[Saved data entries]
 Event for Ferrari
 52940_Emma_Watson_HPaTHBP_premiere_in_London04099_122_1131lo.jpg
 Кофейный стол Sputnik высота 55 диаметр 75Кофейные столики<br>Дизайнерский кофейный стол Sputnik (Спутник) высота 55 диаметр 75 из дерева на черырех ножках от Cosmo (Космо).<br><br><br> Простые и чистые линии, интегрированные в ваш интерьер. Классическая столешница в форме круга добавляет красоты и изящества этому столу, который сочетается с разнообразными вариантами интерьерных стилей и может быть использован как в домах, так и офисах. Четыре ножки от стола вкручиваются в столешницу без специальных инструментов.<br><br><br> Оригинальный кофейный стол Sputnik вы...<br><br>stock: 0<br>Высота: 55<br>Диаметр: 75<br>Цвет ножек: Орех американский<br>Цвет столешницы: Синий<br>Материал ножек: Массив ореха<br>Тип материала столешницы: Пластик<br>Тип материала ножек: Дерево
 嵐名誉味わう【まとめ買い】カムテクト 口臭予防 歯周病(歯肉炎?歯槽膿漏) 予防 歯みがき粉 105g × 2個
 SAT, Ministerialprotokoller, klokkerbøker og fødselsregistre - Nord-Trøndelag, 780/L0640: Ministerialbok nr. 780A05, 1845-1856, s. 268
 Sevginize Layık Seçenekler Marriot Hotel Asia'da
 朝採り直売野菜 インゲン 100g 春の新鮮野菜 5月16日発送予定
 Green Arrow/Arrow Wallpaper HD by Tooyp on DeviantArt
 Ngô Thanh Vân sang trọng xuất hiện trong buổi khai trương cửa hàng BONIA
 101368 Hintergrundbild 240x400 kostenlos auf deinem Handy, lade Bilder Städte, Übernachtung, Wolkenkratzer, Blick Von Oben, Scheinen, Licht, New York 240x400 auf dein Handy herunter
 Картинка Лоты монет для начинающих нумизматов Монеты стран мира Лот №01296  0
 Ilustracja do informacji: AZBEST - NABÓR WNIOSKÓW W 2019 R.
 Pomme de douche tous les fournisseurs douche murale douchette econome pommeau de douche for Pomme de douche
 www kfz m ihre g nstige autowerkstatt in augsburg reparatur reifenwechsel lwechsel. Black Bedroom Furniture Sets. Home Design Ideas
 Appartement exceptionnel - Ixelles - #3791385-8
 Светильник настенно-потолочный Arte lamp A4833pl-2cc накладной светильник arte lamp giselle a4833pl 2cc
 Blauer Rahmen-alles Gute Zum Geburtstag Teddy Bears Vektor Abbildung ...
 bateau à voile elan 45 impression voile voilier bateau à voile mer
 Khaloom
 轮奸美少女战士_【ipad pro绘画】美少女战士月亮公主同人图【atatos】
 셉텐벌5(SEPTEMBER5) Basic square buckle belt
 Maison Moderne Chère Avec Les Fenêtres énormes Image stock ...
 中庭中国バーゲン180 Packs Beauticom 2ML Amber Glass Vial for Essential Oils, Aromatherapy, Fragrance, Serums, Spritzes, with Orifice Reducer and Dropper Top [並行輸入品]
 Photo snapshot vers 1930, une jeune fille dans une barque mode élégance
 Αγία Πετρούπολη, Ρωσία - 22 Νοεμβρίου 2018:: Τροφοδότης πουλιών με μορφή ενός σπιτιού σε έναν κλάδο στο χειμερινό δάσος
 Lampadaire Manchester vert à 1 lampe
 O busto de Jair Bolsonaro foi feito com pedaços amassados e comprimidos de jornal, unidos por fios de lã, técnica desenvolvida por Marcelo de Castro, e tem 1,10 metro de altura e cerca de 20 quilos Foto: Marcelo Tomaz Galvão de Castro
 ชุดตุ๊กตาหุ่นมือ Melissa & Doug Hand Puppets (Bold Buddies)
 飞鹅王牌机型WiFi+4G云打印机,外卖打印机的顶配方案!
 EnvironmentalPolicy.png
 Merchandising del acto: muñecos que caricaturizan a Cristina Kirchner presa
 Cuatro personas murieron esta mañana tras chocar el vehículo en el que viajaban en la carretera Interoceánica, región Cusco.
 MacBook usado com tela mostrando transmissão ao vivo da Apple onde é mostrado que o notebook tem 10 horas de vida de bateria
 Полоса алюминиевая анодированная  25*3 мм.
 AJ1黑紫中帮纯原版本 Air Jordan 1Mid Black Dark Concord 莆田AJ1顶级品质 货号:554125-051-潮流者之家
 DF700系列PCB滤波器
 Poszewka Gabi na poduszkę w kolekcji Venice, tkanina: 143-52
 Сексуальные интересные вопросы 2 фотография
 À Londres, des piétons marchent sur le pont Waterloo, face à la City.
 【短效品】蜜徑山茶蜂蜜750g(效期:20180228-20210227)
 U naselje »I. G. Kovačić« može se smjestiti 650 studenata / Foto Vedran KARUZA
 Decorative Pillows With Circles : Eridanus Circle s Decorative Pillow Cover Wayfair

WORK INSTRUCTIONS: Note each line of the entries that has "Foto" in it, and copy those lines.

REPLY:
 O busto de Jair Bolsonaro foi feito com pedaços amassados e comprimidos de jornal, unidos por fios de lã, técnica desenvolvida por Marcelo de Castro, e tem 1,10 metro de altura e cerca de 20 quilos Foto: Marcelo Tomaz Galvão de Castro
 U naselje »I. G. Kovačić« može se smjestiti 650 studenata / Foto Vedran KARUZA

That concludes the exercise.